See my posts above. I just had to replace my chain with fewer miles than that on it.


----------



## TiGeo (Jul 31, 2008)

Good grief. 0.3? My gauge starts at 0.5. Not sure I buy that tiny bit makes f all of difference.

Sent from my SM-G950U using Tapatalk


----------



## mevnet (Oct 4, 2013)

Starting with 11 speed the recommendation for chain replacement is .5
I would say Eagle is no different. 
For 12 speed that B-gap adjustment has to be precise. With a GX drivetrain and X01 shifter shifting is precise and quick but drivetrain overall is not as smooth as the 11 speed before it.


----------



## WHALENARD (Feb 21, 2010)

So far eagle has been stellar for me. Adjustments have to be precise but wouldn't say that makes it finicky or difficult to dial in. The extra range allows for a larger front ring which equals a better chainline in the "business" gears. I have found this aspect VERY noticeable coming from a 28t front ring.


----------



## jeremy3220 (Jul 5, 2017)

TiGeo said:


> Good grief. 0.3? My gauge starts at 0.5. Not sure I buy that tiny bit makes f all of difference.
> 
> Sent from my SM-G950U using Tapatalk


I don't have any reason to not believe my mechanic. He didn't even charge me labor, just the 28 bucks for the chain. Now there might be some other less obvious issue with the derailleur but replacing the chain fixed the shifting.


----------



## gorgebiker (Jan 26, 2015)

I have found the most consistent problem to be cable and housing issues. If the cables are not running very smoothly all is off. The least bit of dirt or kink in the system ruins everything


----------



## jeremy3220 (Jul 5, 2017)

Is the 12 speed sram powerlink reusable or is it toast once you separate it?


----------



## HSracer (Jun 30, 2013)

jeremy3220 said:


> Is the 12 speed sram powerlink reusable or is it toast once you separate it?

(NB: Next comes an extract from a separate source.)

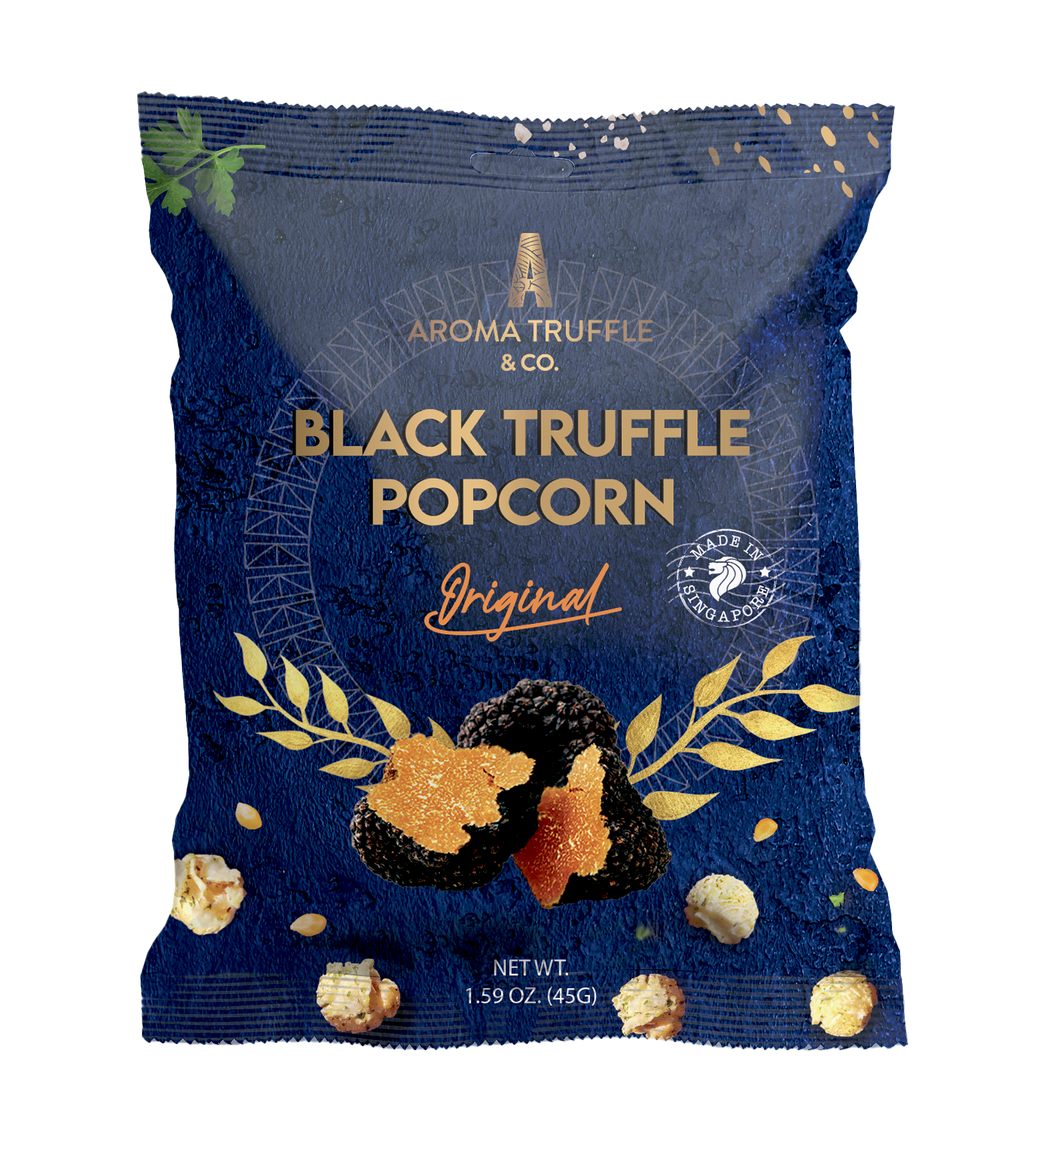 Pillow Pouch Black Summer Truffle Popcorn - Original 45G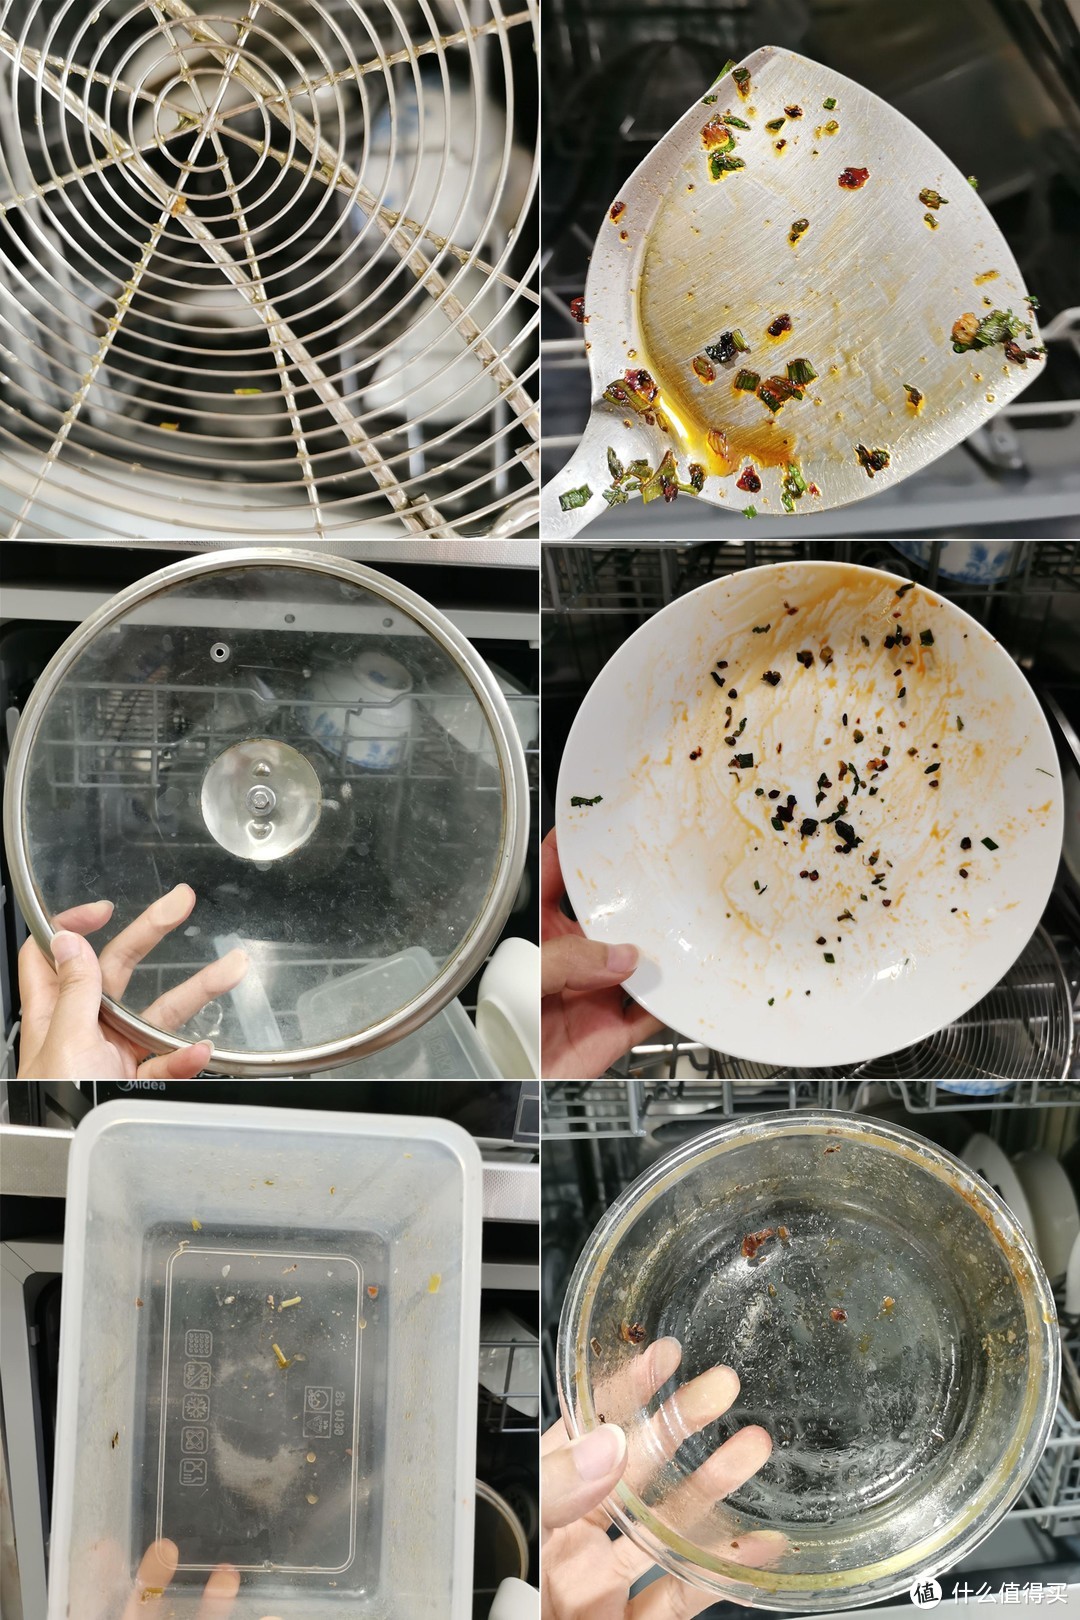 10项测试、历时8天、万字测评，史上最详尽的洗碗机耗材对比横评来了！

I reconnected one that was on a demo bike upside-down. Not sure if you're supposed to (I'm pretty certain SRAM would say no), but it didn't give me any problems for the rest of the week I had the bike.


----------



## sturge (Feb 22, 2009)

HSracer said:


> I reconnected one that was on a demo bike upside-down. Not sure if you're supposed to (I'm pretty certain SRAM would say no), but it didn't give me any problems for the rest of the week I had the bike.


I'm surprised that it didn't cause issues upside-down...it's curved to follow contour of gearing. Why not remove and re-install correctly?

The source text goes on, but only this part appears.